- **Requirement**: In the listing below, print exactly the lines between the line holding "Ai Sẽ Đại Diện" and the line holding "3WAY Lサイズ 黒 バッグ", inclusive, and no more.

- **Supplied records**:
———

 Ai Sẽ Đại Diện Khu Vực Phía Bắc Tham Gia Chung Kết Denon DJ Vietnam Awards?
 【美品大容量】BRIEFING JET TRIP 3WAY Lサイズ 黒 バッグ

———

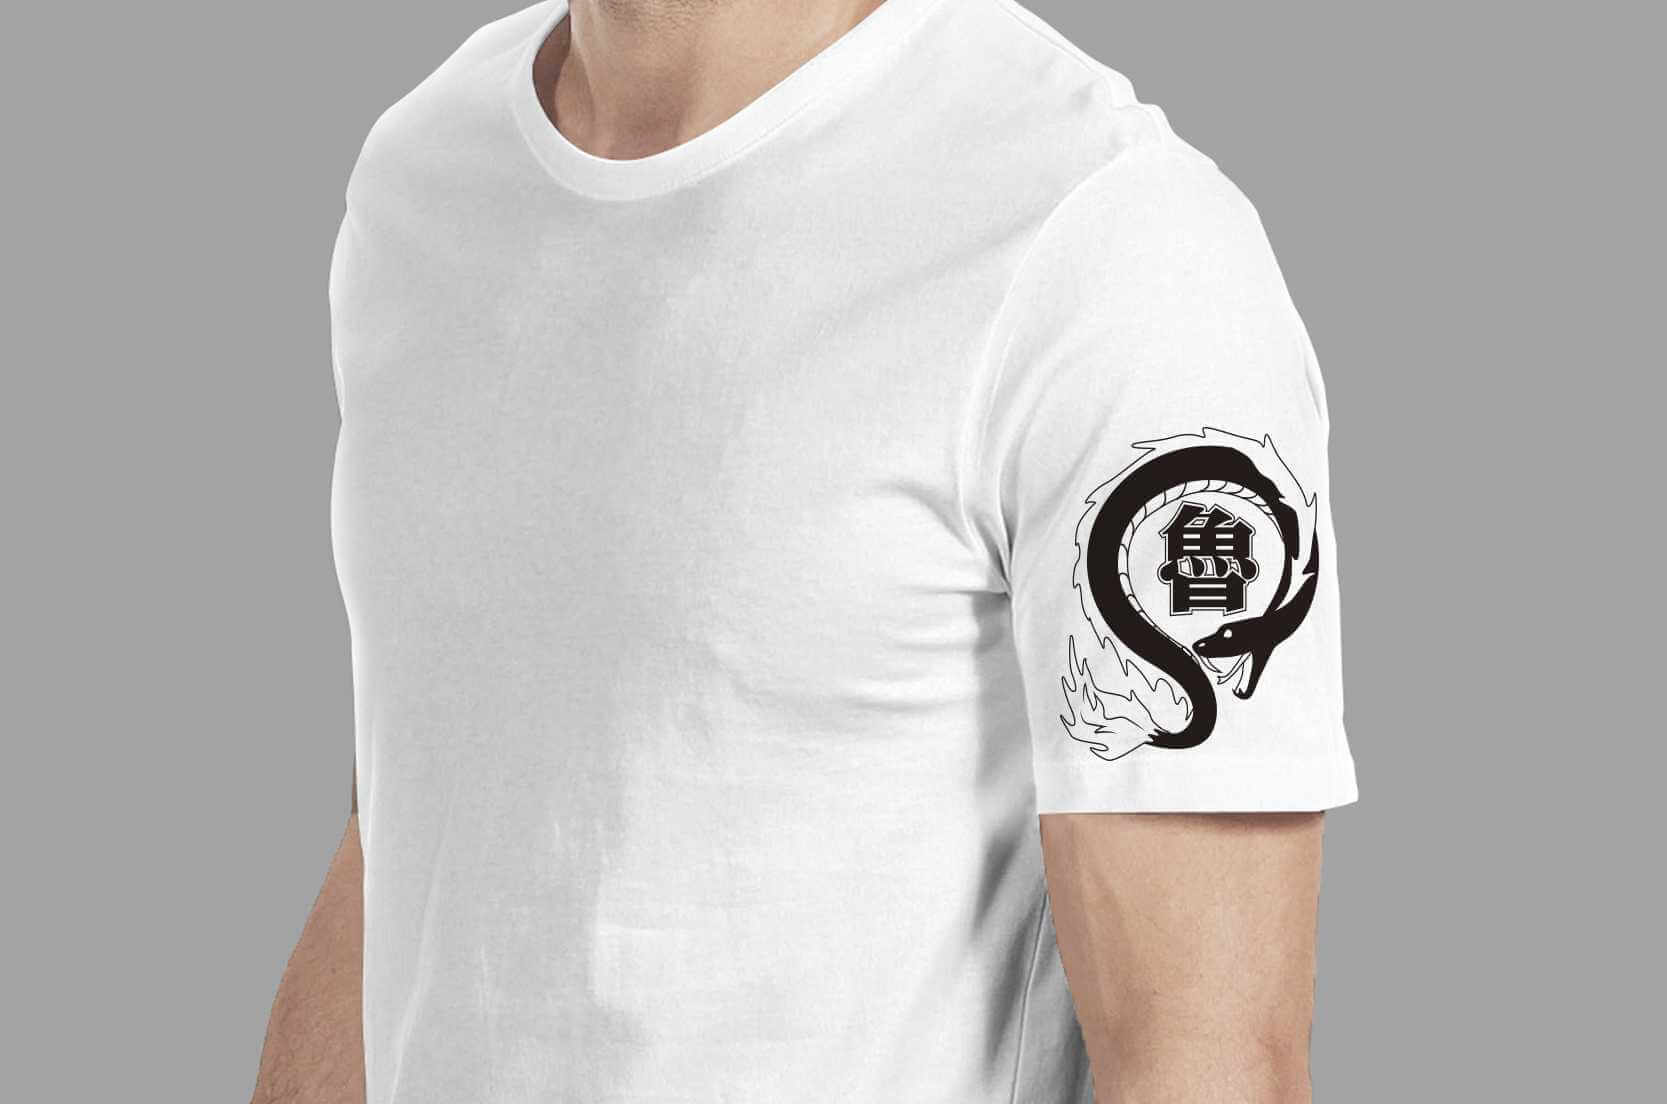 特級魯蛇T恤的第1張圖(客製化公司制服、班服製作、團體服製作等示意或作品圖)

———

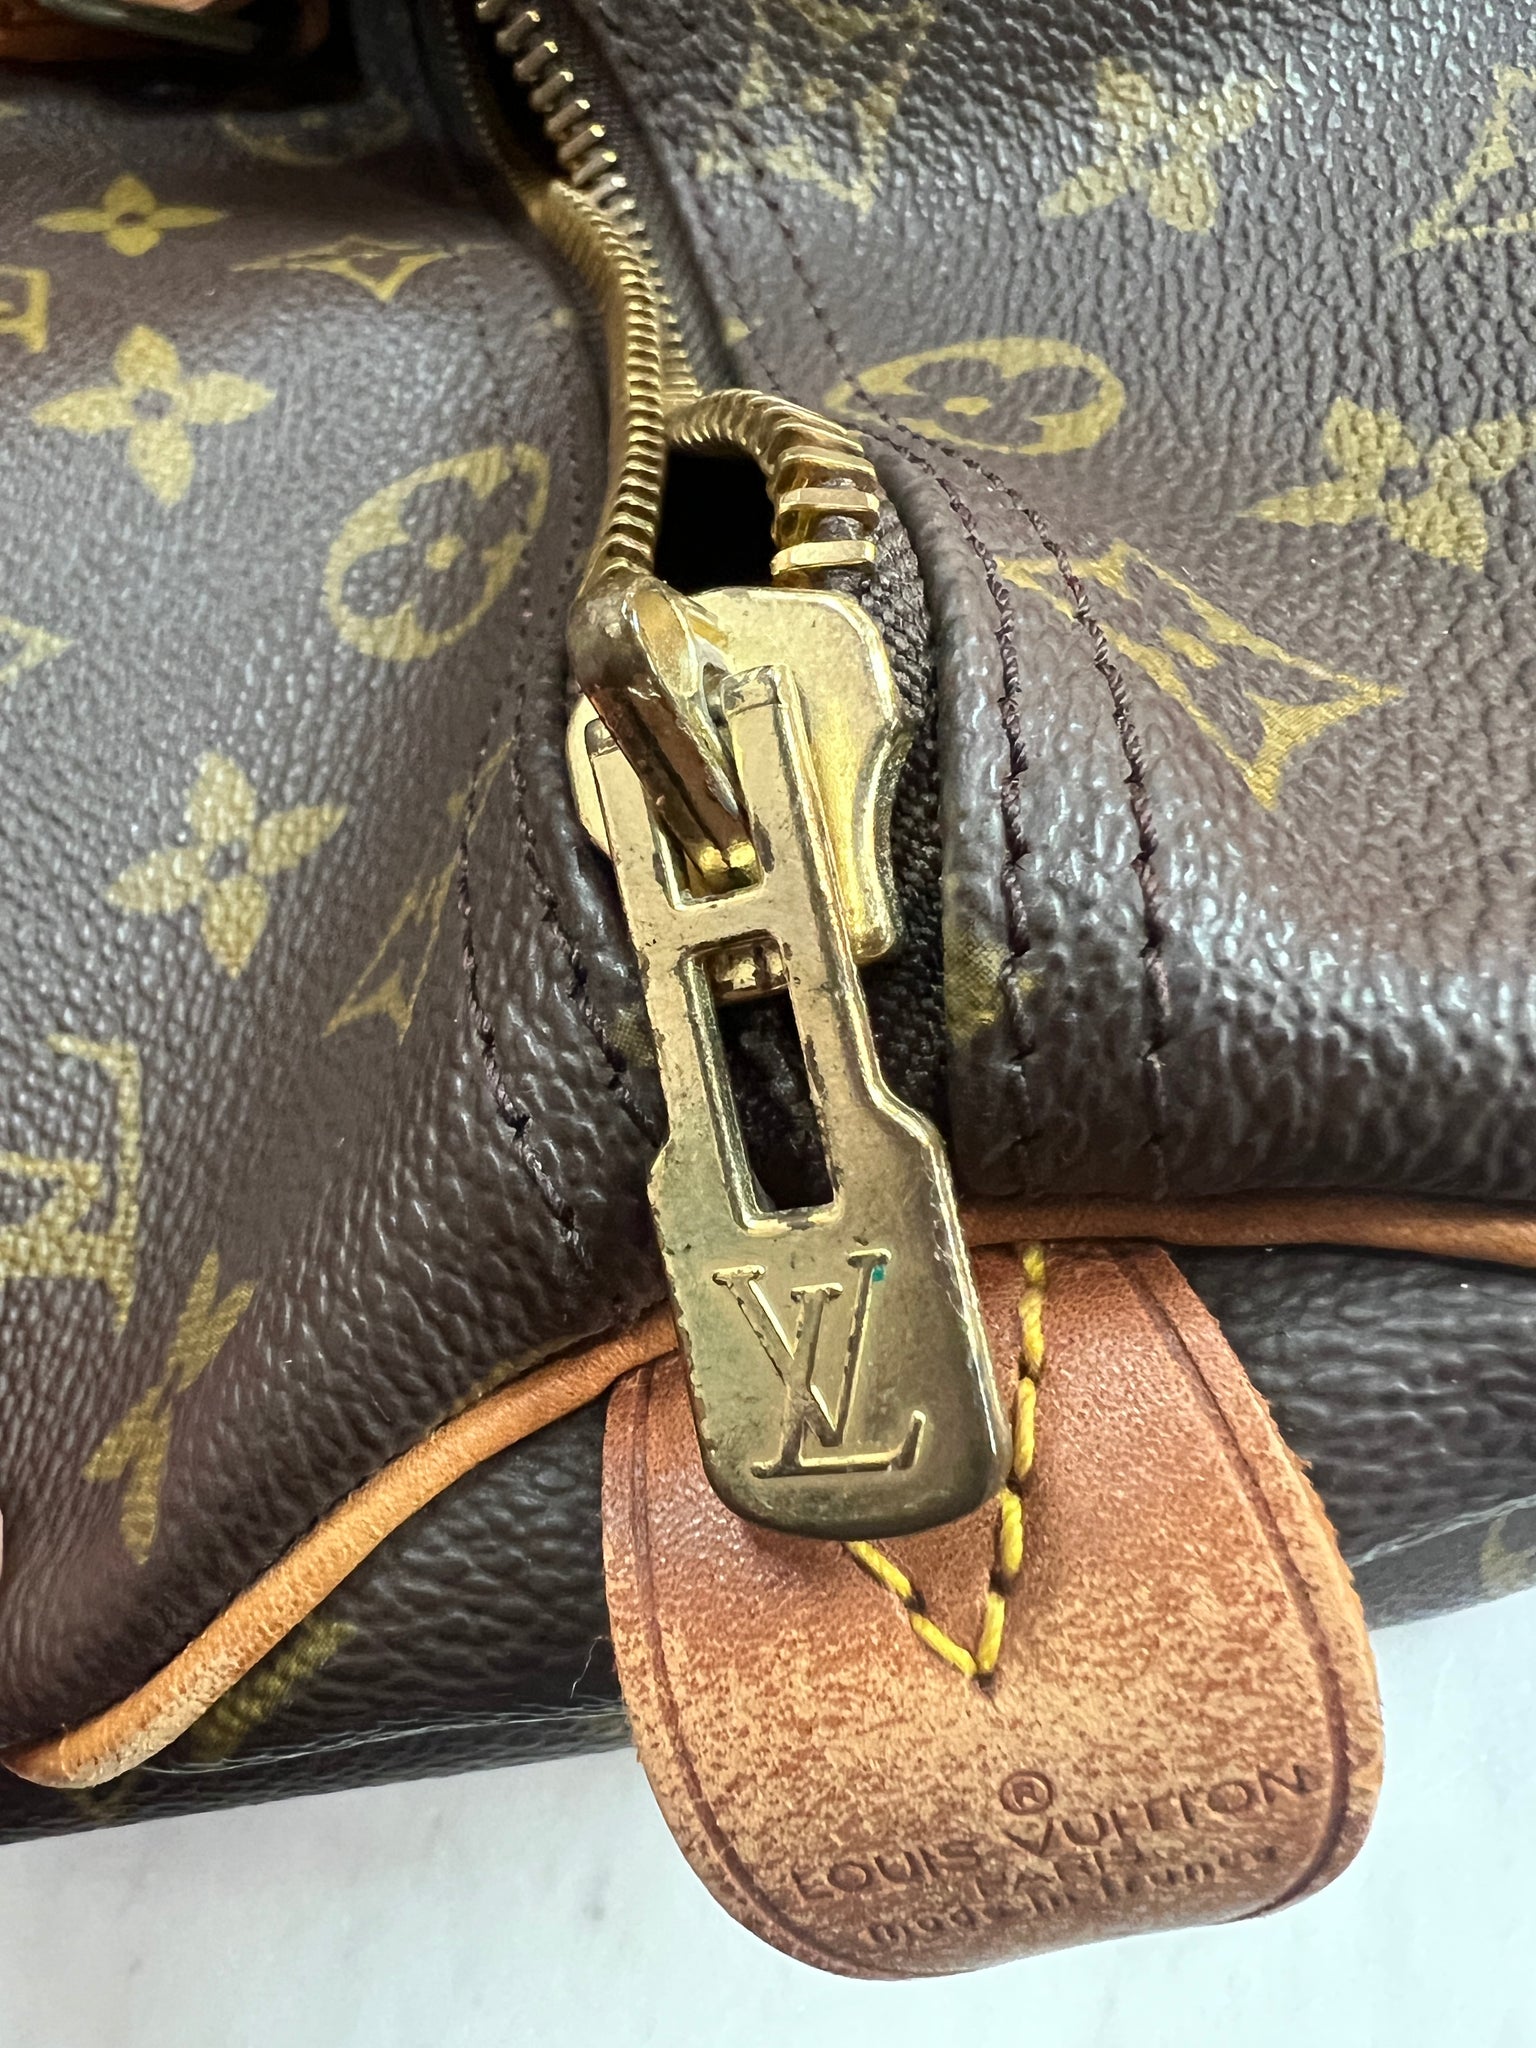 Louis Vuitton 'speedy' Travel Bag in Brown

———

- **Expected answer**:
 Ai Sẽ Đại Diện Khu Vực Phía Bắc Tham Gia Chung Kết Denon DJ Vietnam Awards?
 【美品大容量】BRIEFING JET TRIP 3WAY Lサイズ 黒 バッグ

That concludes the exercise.